Cc: "\"Decompression List\"" <deco@de*.or*>
Subject: Re: A question about training practices
Date: Thu, 14 Oct 1999 10:02:02 -0400
Bill
We have numerous reasons we like EAN 80, I have had great success with it
and use it all the time.


This had been a private email to a person who obliviously forwarded it to
you, it was not addressed to you or even meant as a broad discussion , it
was to answer the persons question on if we used EAN 80 and Why. That is
exactly what I did in the (I thought) private email, It was not something
for you to be involved in.

We do not forbid the use of oxygen and have tables that allow both. I
personally feel quite comfortable with EAN 80.
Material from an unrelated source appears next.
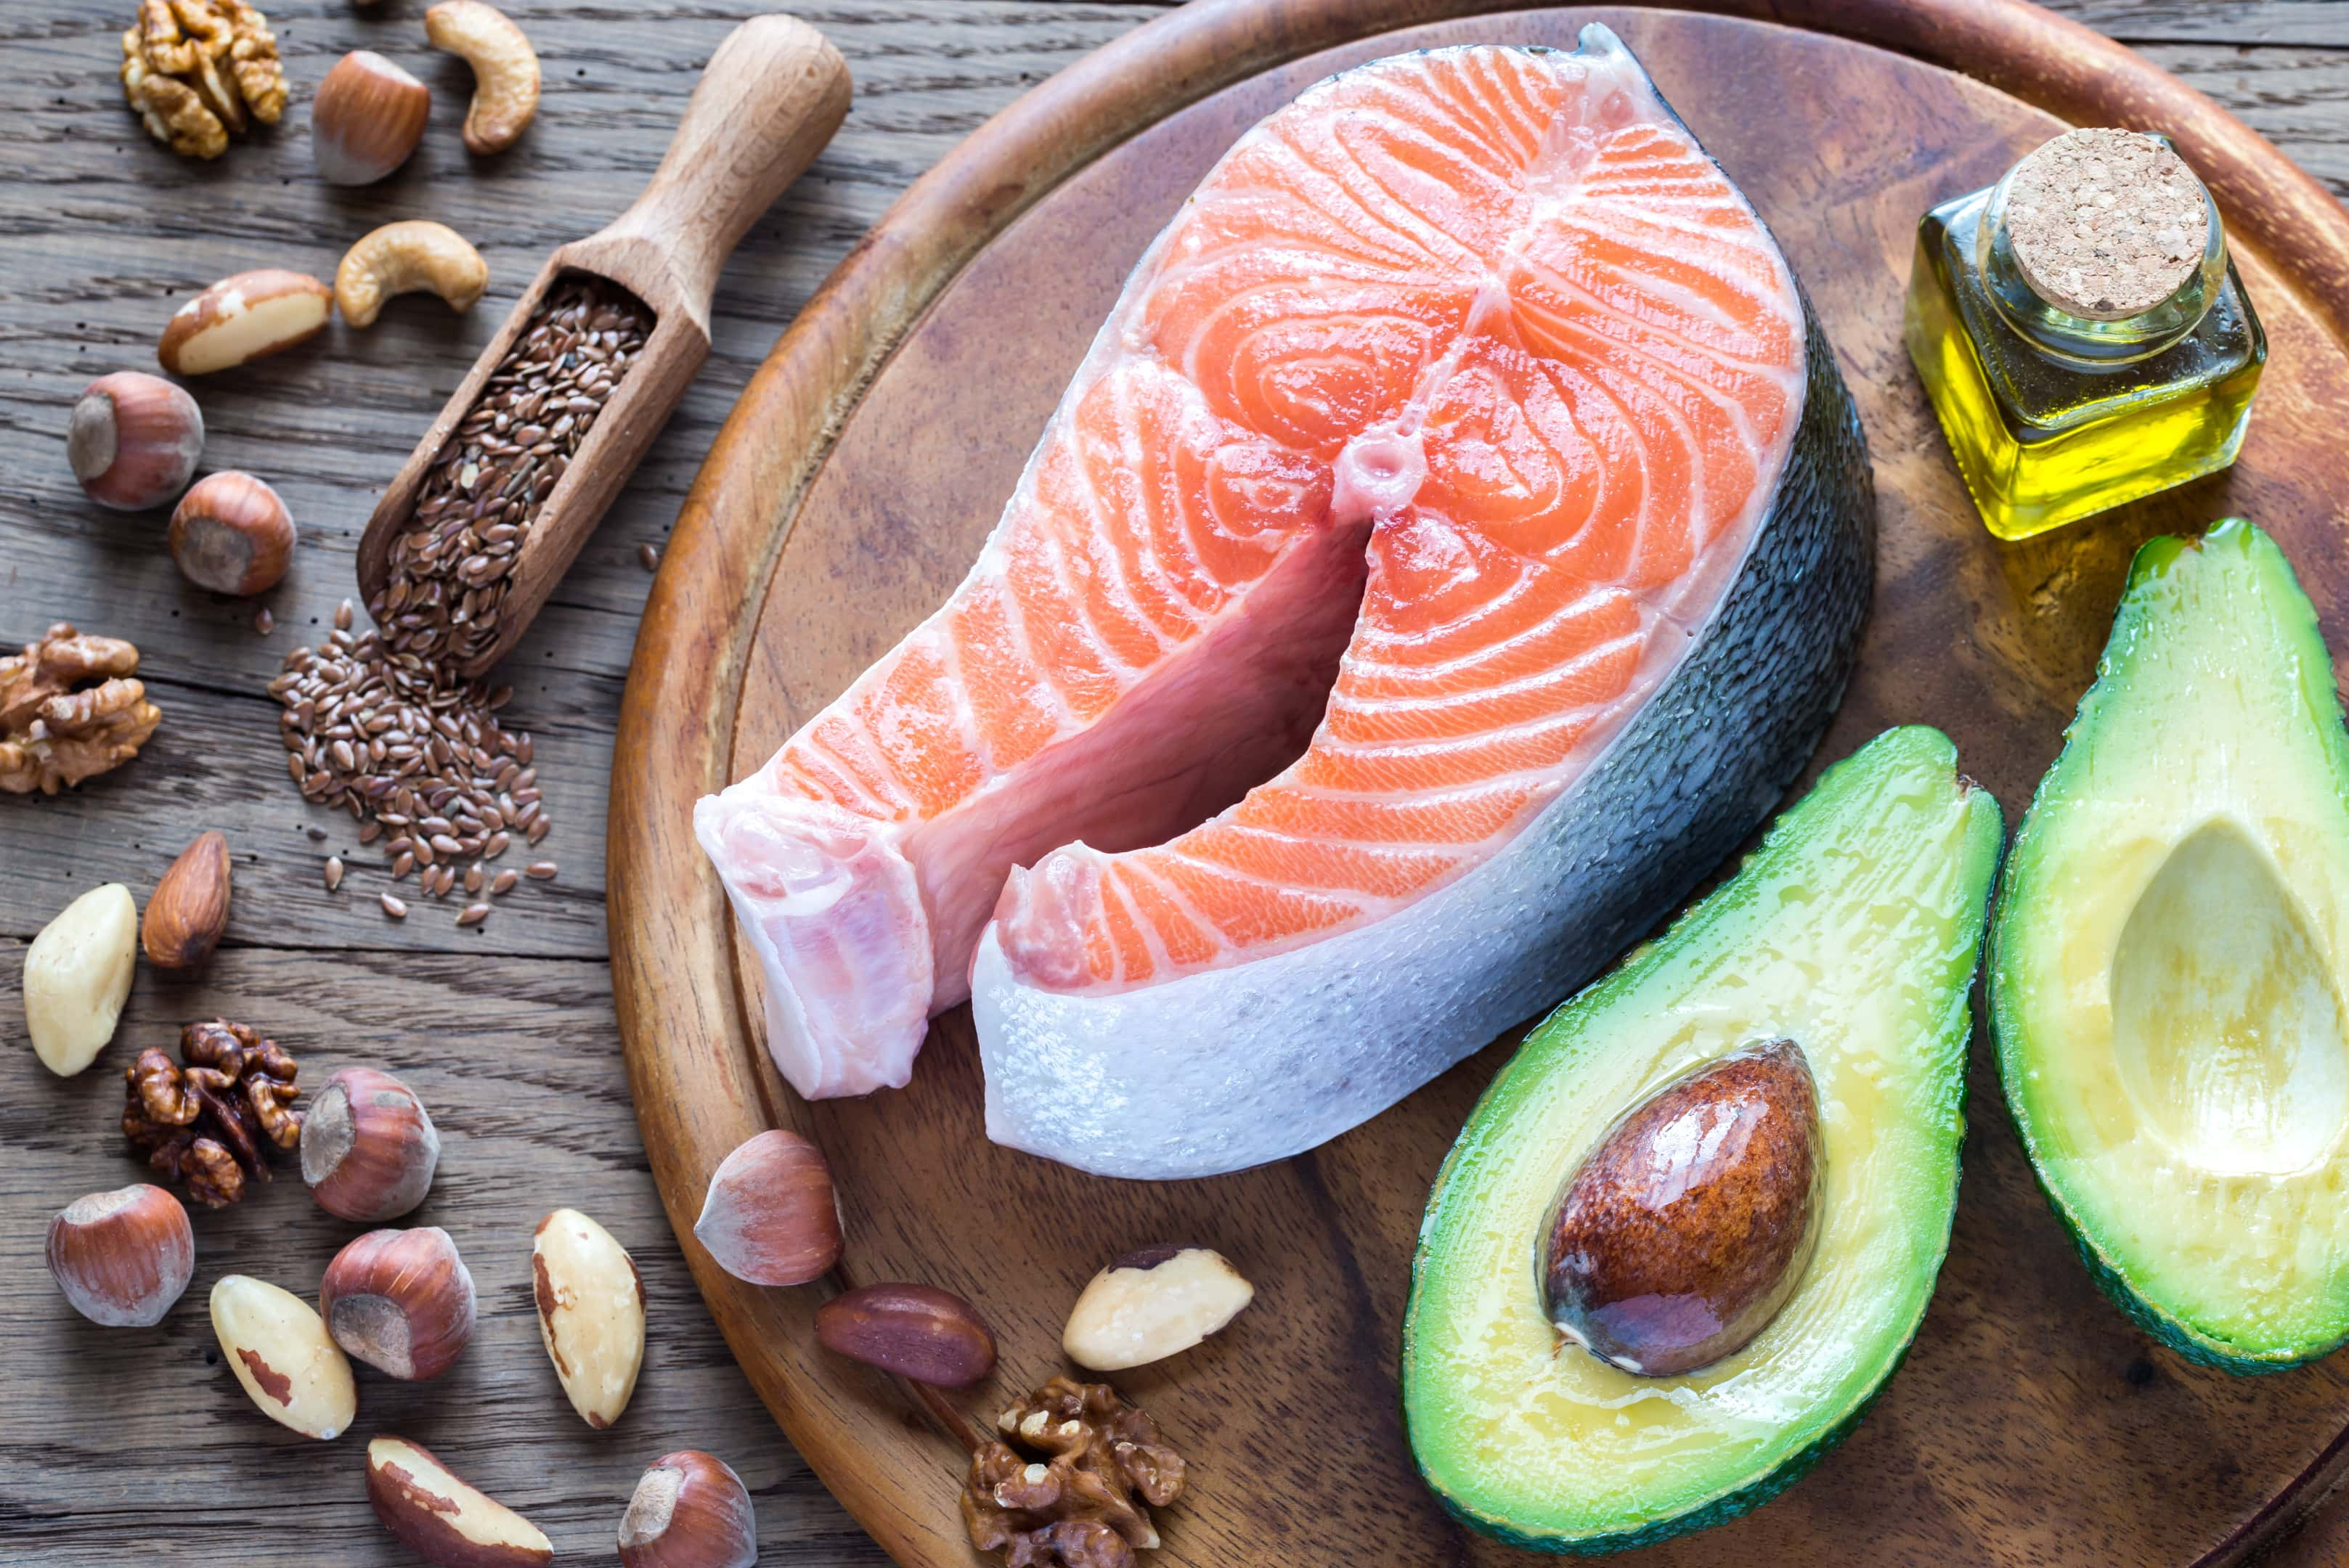 Salmon avocado and flex foods high omega-3 fats

In our normoxic Trimix course we use EAN 70 starting at 40 feet. this too
has proved to be an excellent gas switch. It is a one gas switch course.

We dopplered EAN 50 dives on air divers, and mix divers.

Again you can take your Bakers dozen and do what ever with them. I many
times over responded to them in the past,  but there is no need to. By now
anyone reading any of these list is aware that there is no discussing issues
with you two. It is your way or no way.

No most people do not run the pressure up to 3500, most of us use 40's at
3000 psig which beats 2000 psig if we use only oxygen and if you compare the
time differences in deco schedules EAN 80 still looks good. .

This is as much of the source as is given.